# Problem mit Wireshark!



## Trbk85 (10. Oktober 2009)

Hey Leute bin nun im 5ten Semester und unser Prof. hat uns ein Programm namens Wireshark vorgestellt. Das Programm dient dazu den Netzwerkverkehr zu betrachten soweit ich das mitbekommen habe. Nun habe ich das Programm installiert und wollte die Funktion capturing benutzen, leider habe ich daraufhin die erste Fehlermeldung erhalten. Auf mein Laptop läuft Windows 7 und die Fehlermeldung lautet:

The NPF driver isn't running.  You may have trouble
capturing or listing interfaces.

Ich hoffe ihr könnt mir weiter helfen vielen dank im vorraus!


----------



## Flex (10. Oktober 2009)

Ich hab es mal in den Netzwerkbereich verschoben, denn mit HTML hat es ja wirklich nichts zu tun...

Das Problem ist wohl, dass man bei Windows 7 den NPF Treiber als Service installieren muss...

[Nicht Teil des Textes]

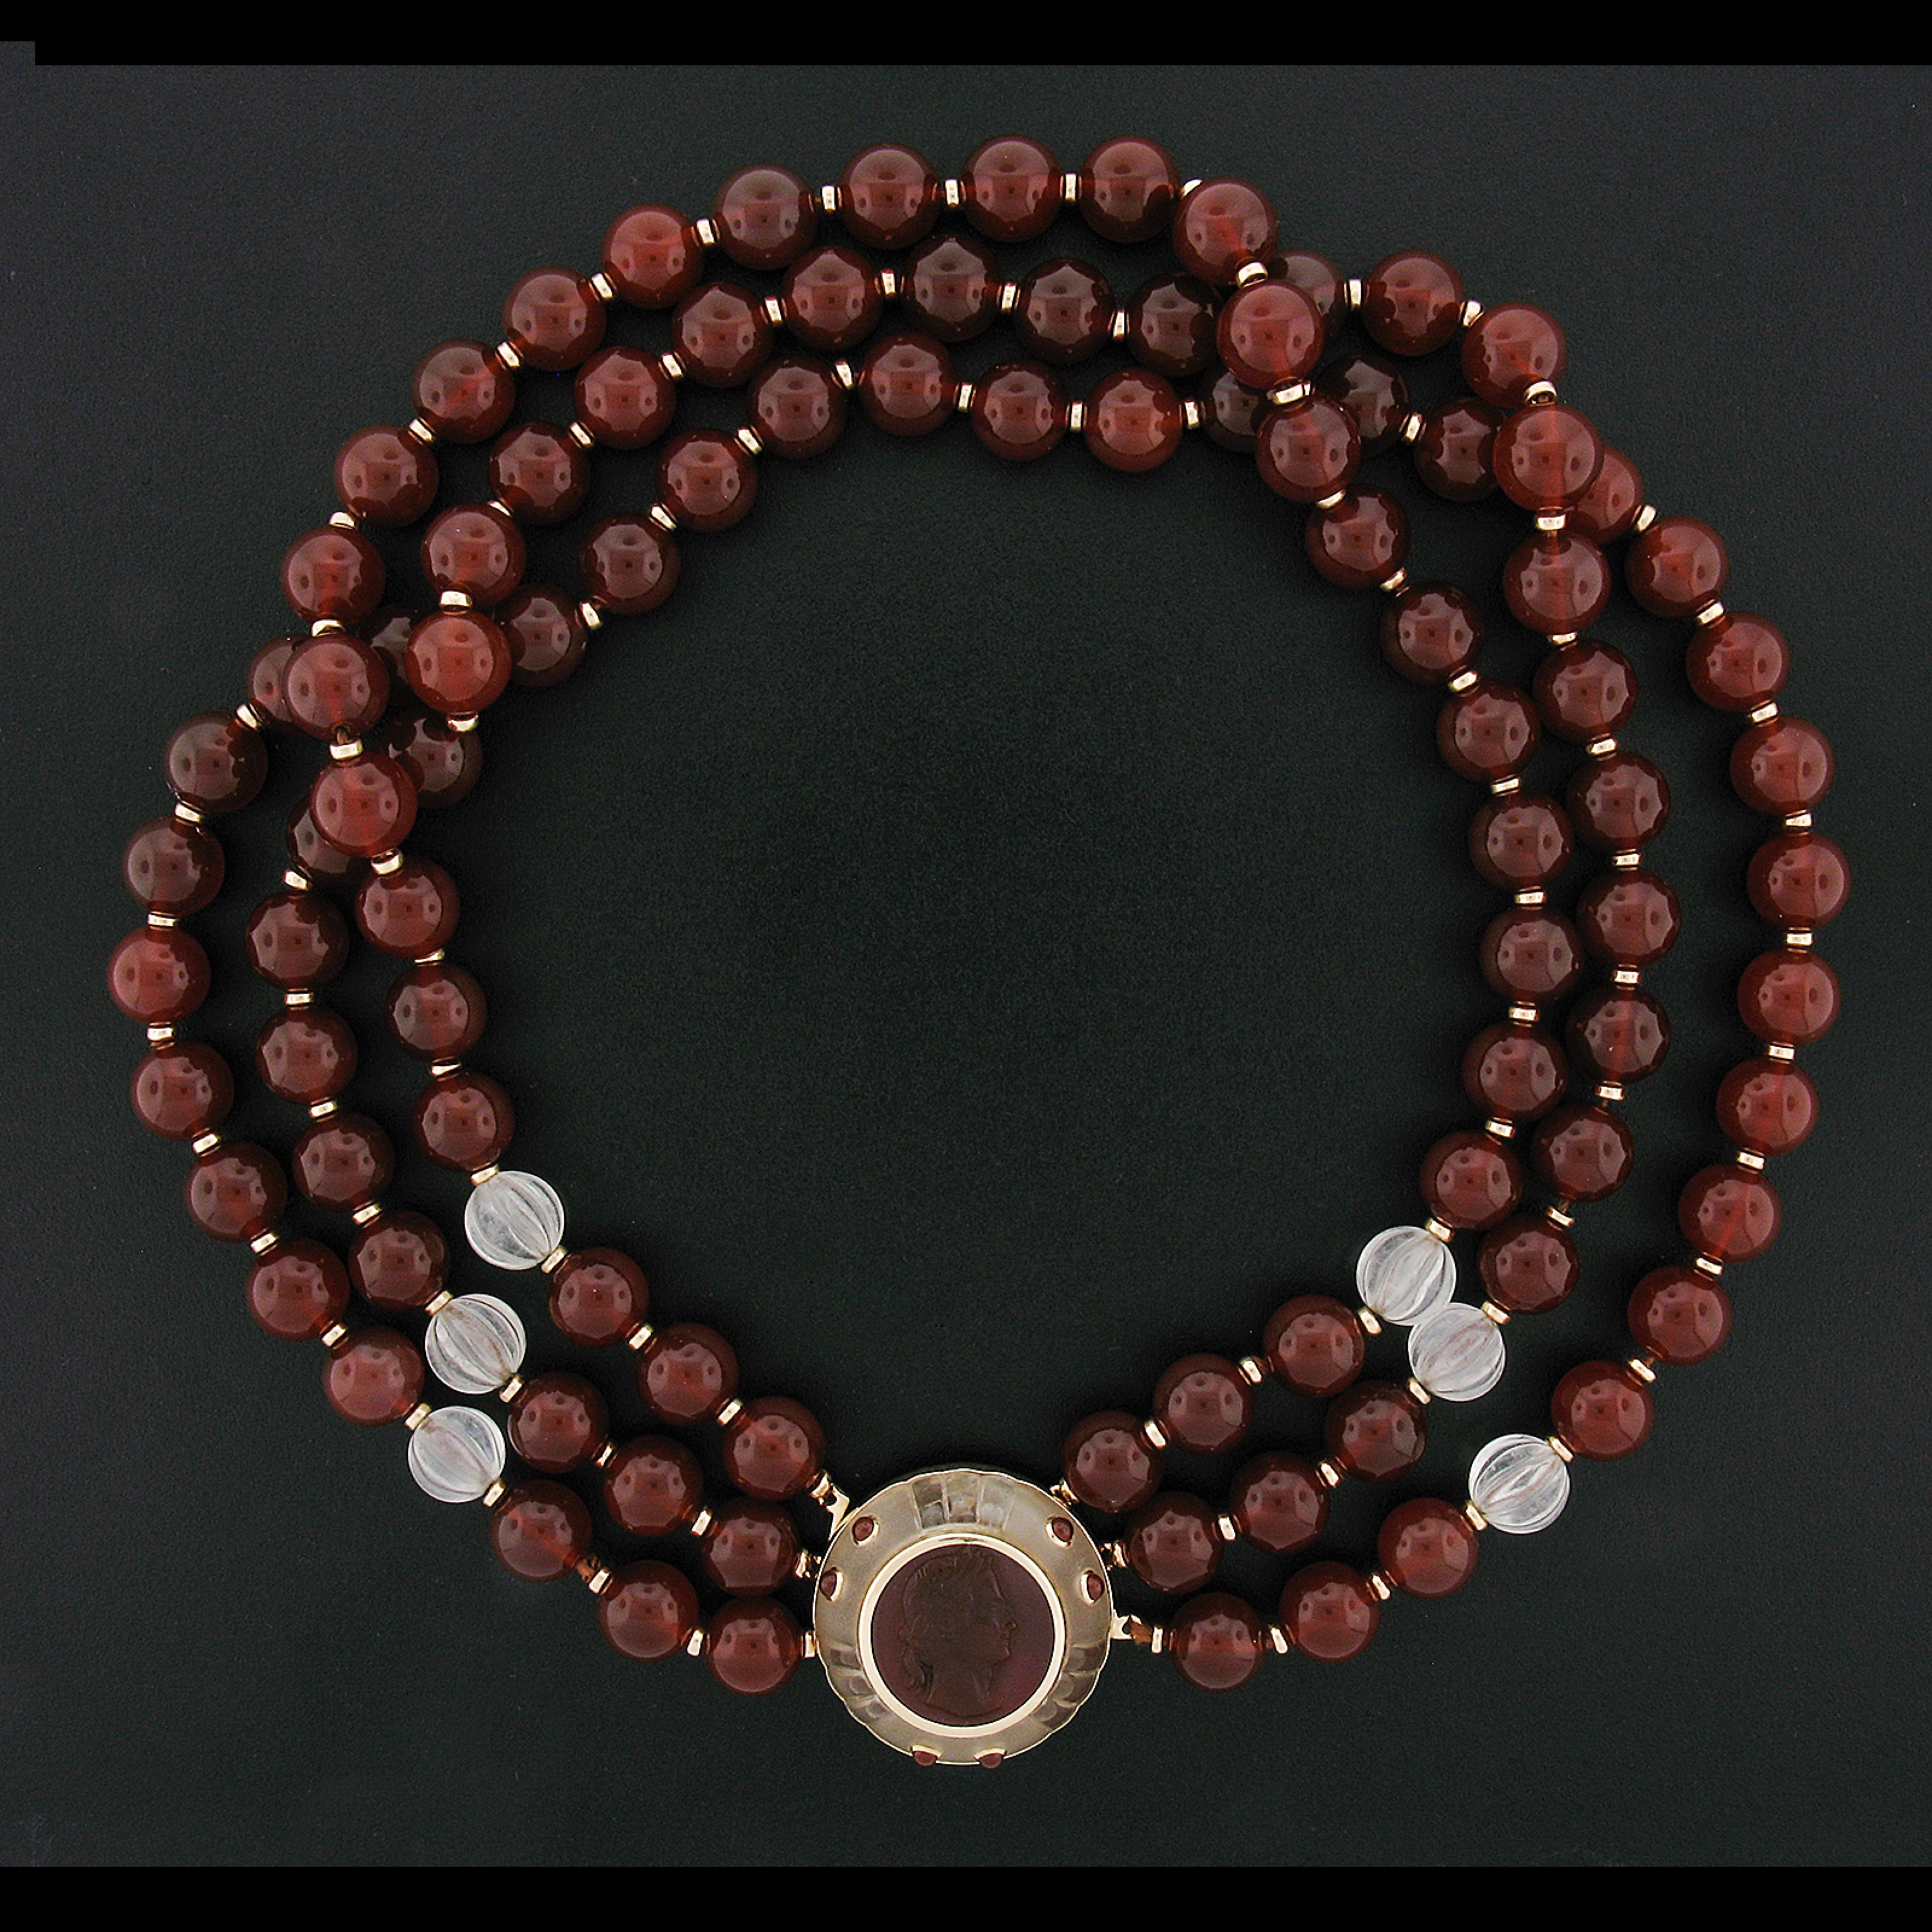 Trianon 3 Strand Carnelian & Rock Crystal Bead Necklace & Cameo 14k Gold Pendant In Good Condition For Sale In Montclair, NJ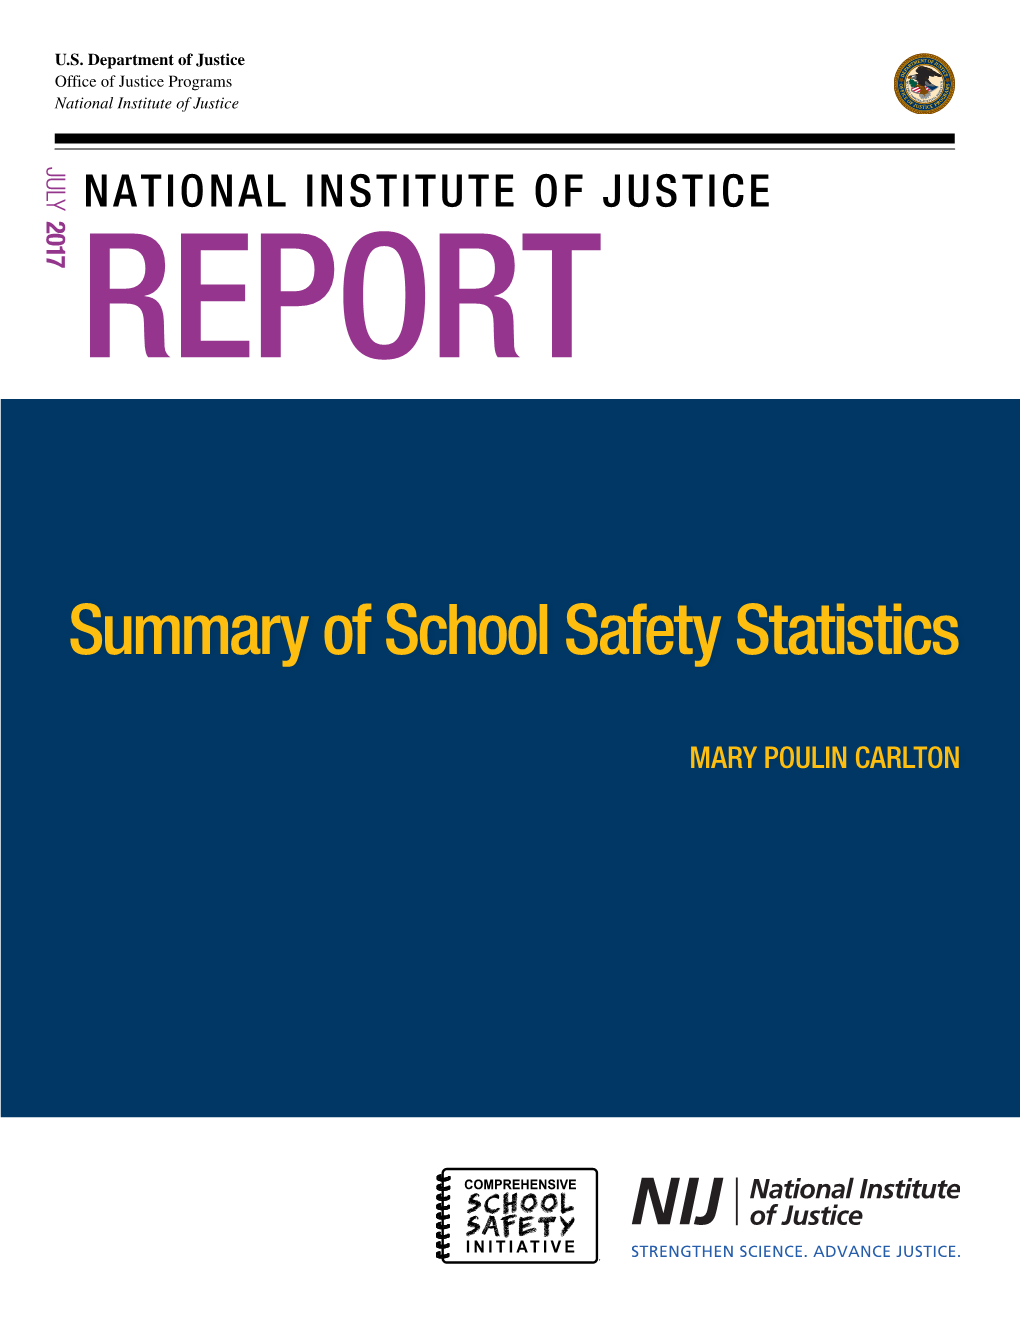 National Institute of Justice Report: Summary of School Safety Statistics

Also deinstallieren, neu installieren und den NPF Treiber als Service installieren.
Dadurch sollte das Problem erledigt sein.

/edit:
Alternativ versuch mal das Programm als Administrator auszuführen, also Rechtsklick -> usw.


----------



## Trbk85 (10. Oktober 2009)

Felix Jacobi hat gesagt.:


> Ich hab es mal in den Netzwerkbereich verschoben, denn mit HTML hat es ja wirklich nichts zu tun...
> 
> Das Problem ist wohl, dass man bei Windows 7 den NPF Treiber als Service installieren muss...
> 
> ...



Vielen dank Felix werde es direkt mal ausprobieren. Und sorry das ich das Thema im falschen Bereich erstellt habe.


----------



## Trbk85 (11. Oktober 2009)

Felix Jacobi hat gesagt.:


> Ich hab es mal in den Netzwerkbereich verschoben, denn mit HTML hat es ja wirklich nichts zu tun...
> 
> Das Problem ist wohl, dass man bei Windows 7 den NPF Treiber als Service installieren muss...
> 
> ...




Hey es hat funktioniert, habe das Programm als Administrator ausgeführt  Nun habe ich 4 Auswahl Möglichkeiten um den capturing zu starten ich denke mal das sind die Netzwerkadapter... Und zwar 1. Bluetooth PAN driver 2. Marvell Yukon Ethernet controller 3. Microsoft 4. Microsoft.  Ich möchte das capturing gerne über WLAN benutzen was sollte ich denn dann am besten auswählen? Ich weiss ich habe echt nicht viel Ahnung von den Programm ist das erstmal das ich damit arbeite


----------